The required output is the stretch from the line containing "Пример написания шрифтом" through the line containing "270P025801925-270P026601925 Classic Swirl" in the records below, unaltered and with no pictures.

▶ [Source information]:

"""

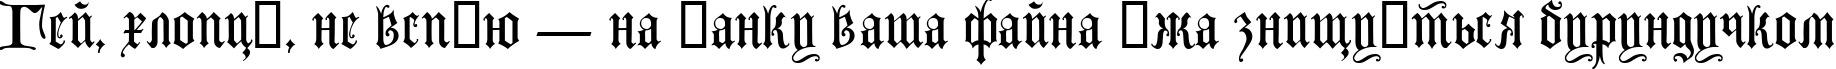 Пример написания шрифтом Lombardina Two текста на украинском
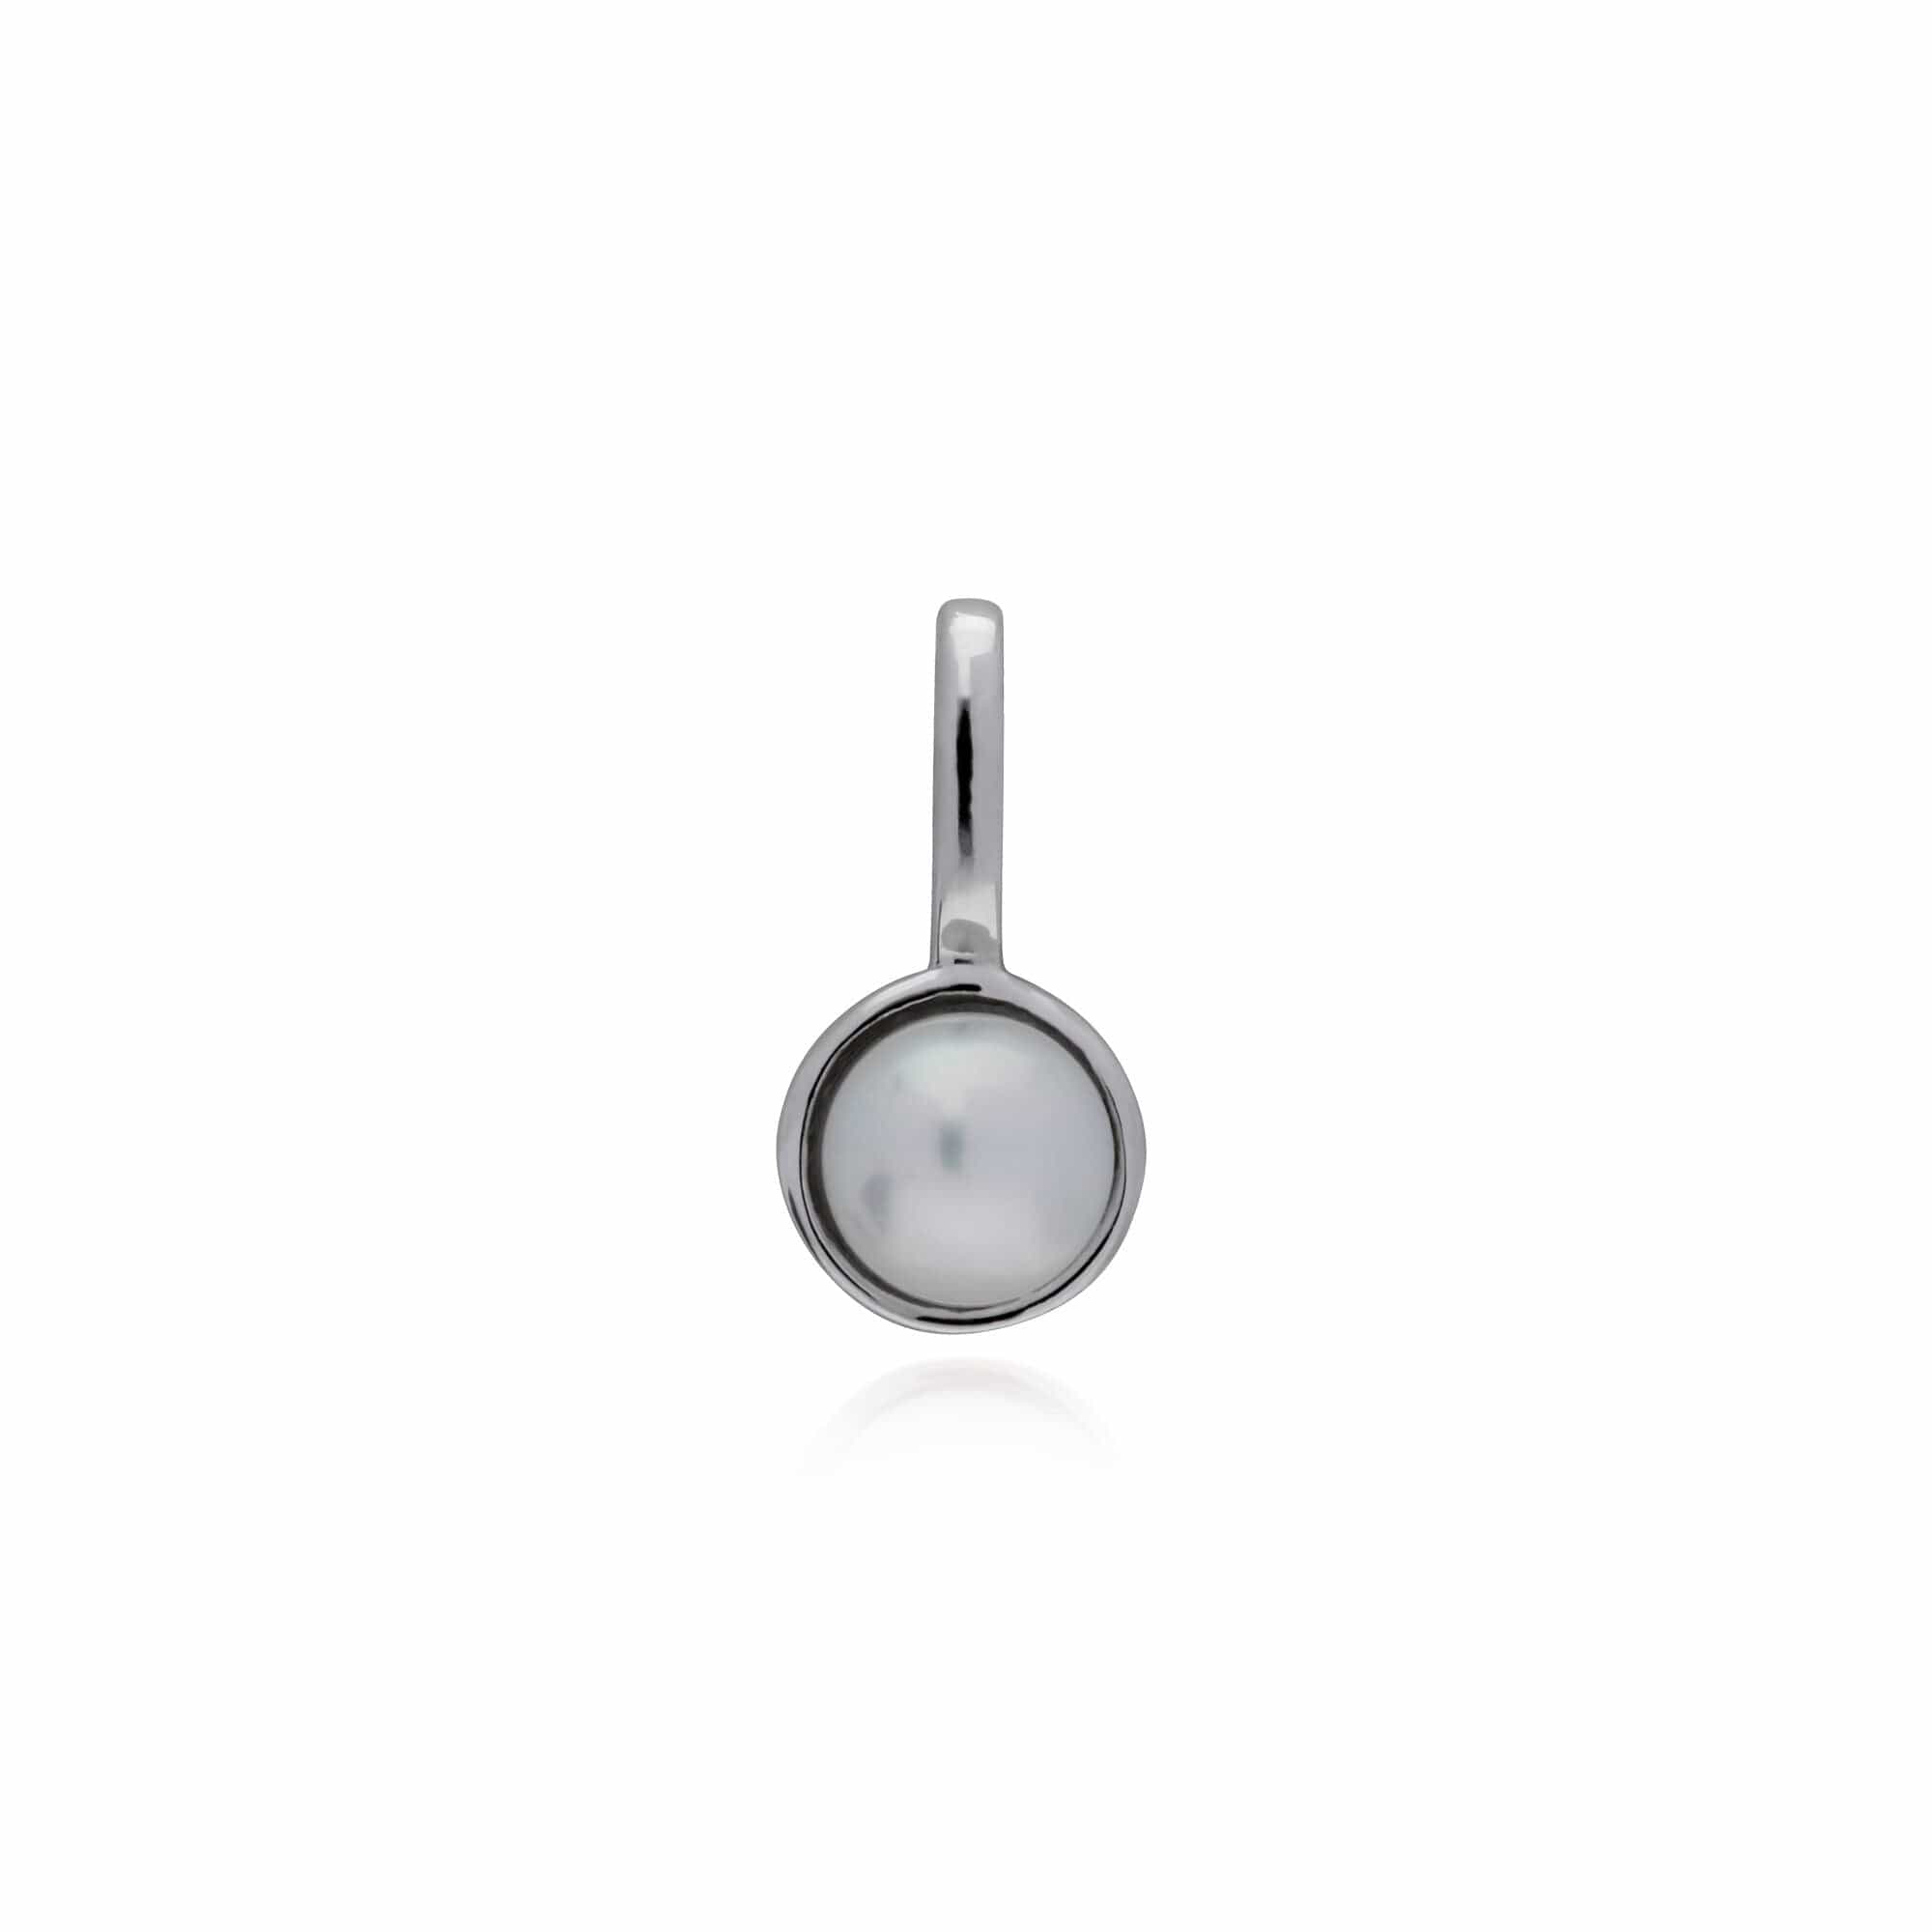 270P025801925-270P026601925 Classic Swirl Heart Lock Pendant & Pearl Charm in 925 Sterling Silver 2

"""
"""

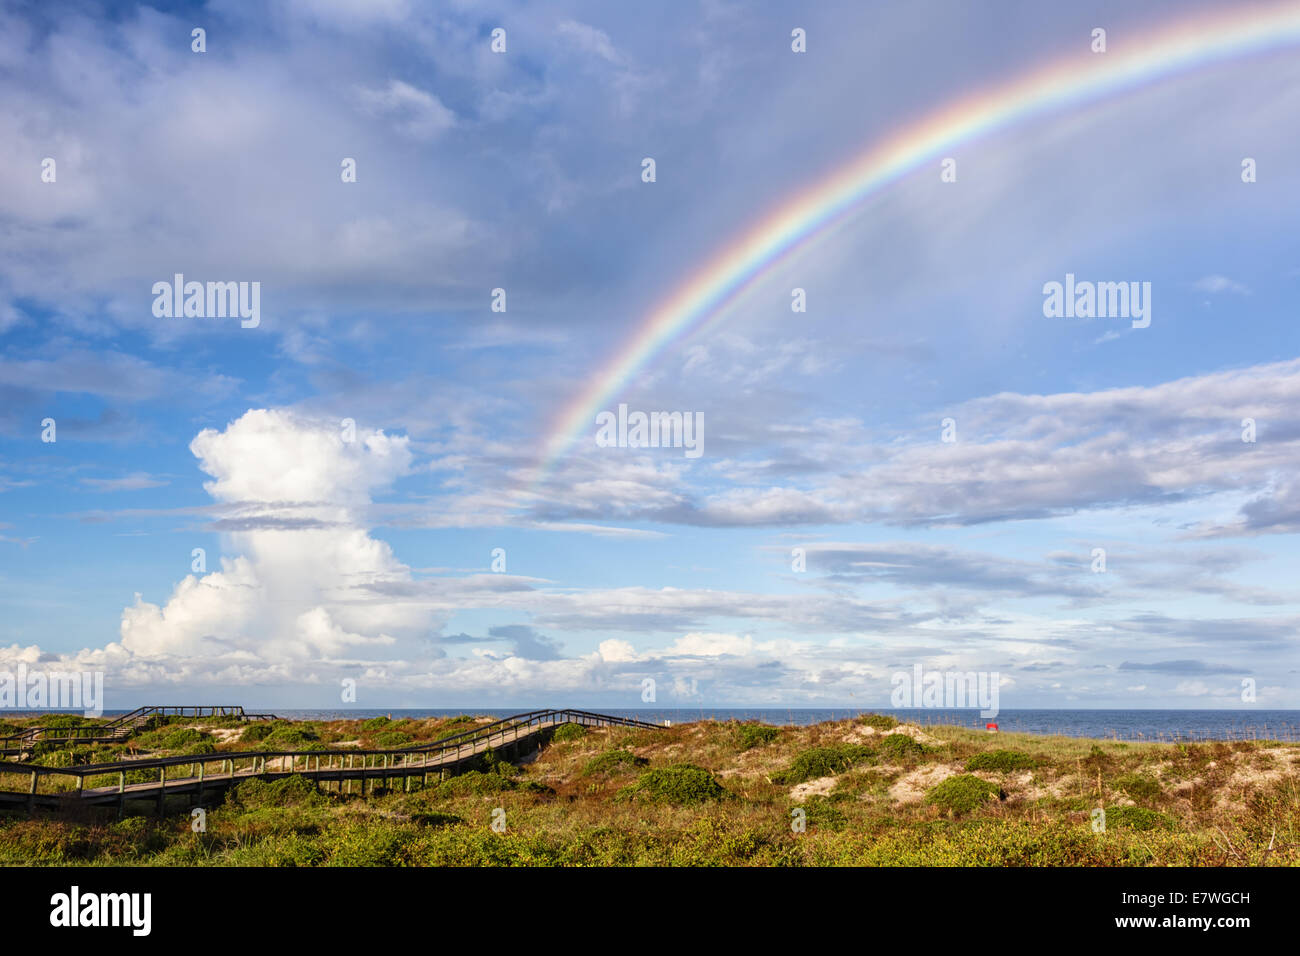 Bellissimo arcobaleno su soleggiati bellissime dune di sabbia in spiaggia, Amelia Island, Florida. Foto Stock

"""
"""

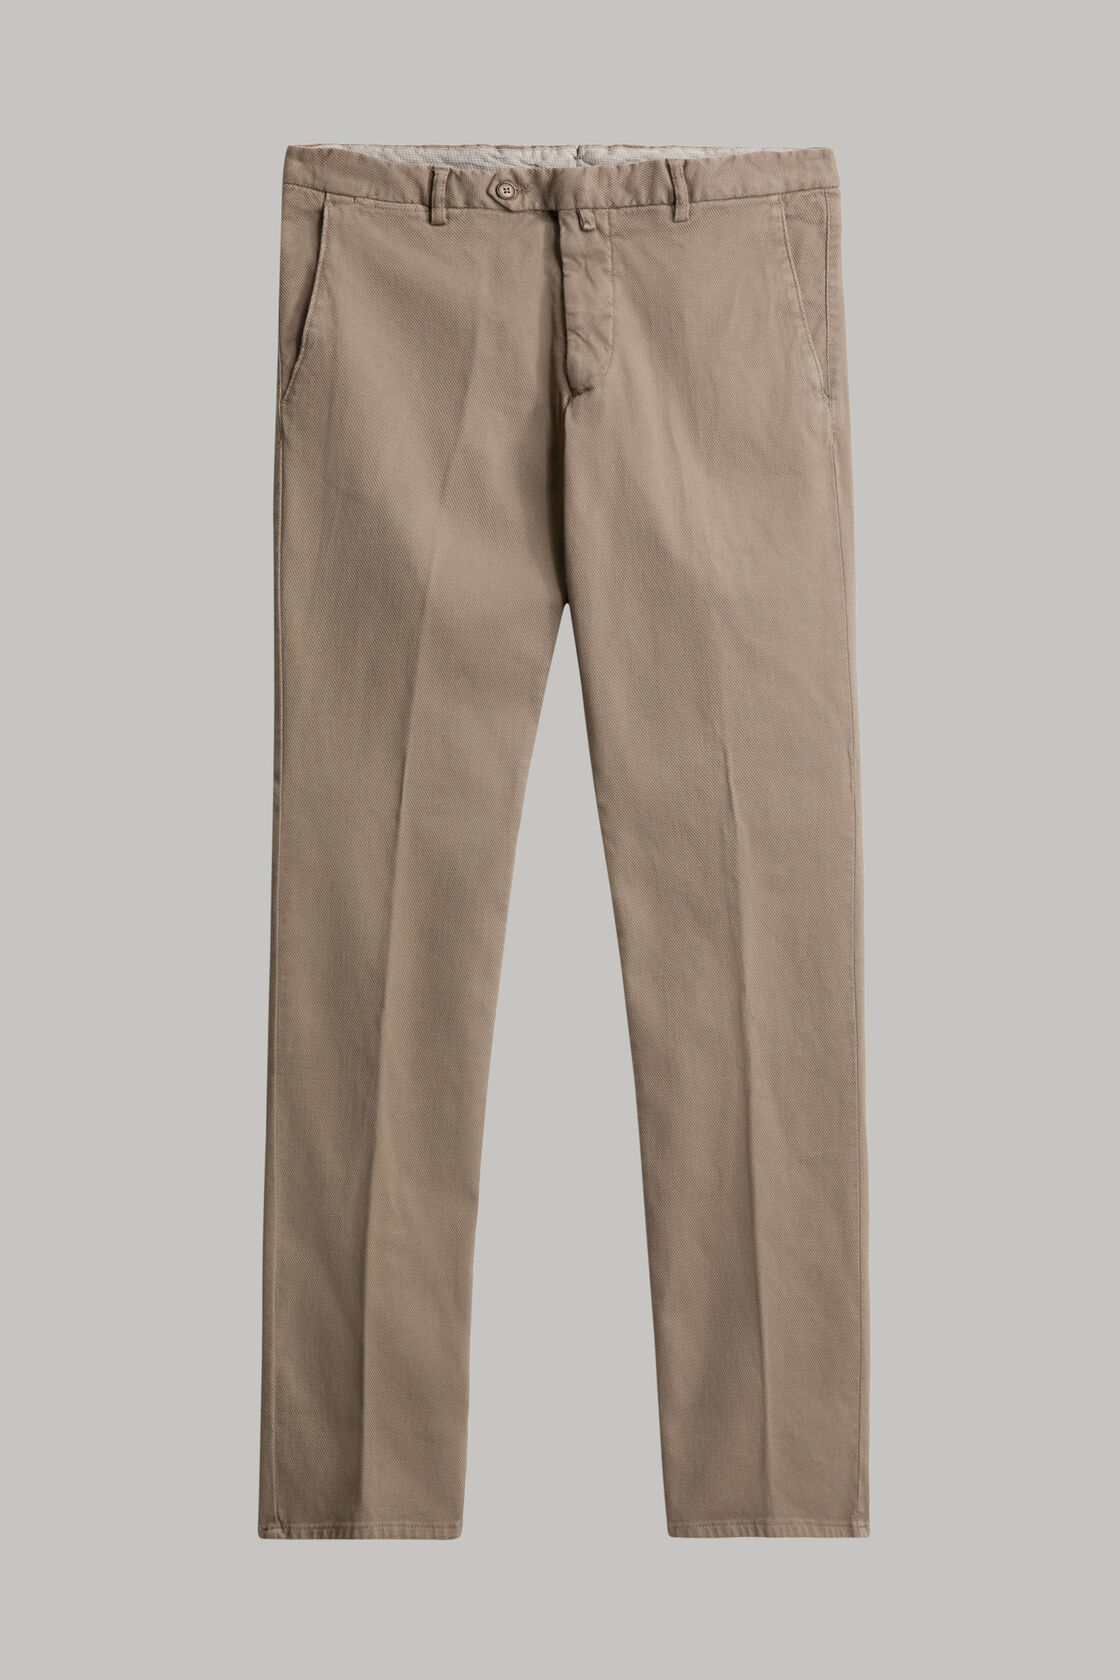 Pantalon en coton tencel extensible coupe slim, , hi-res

"""

▶ [Reply]:
 Пример написания шрифтом Lombardina Two текста на украинском
 270P025801925-270P026601925 Classic Swirl Heart Lock Pendant & Pearl Charm in 925 Sterling Silver 2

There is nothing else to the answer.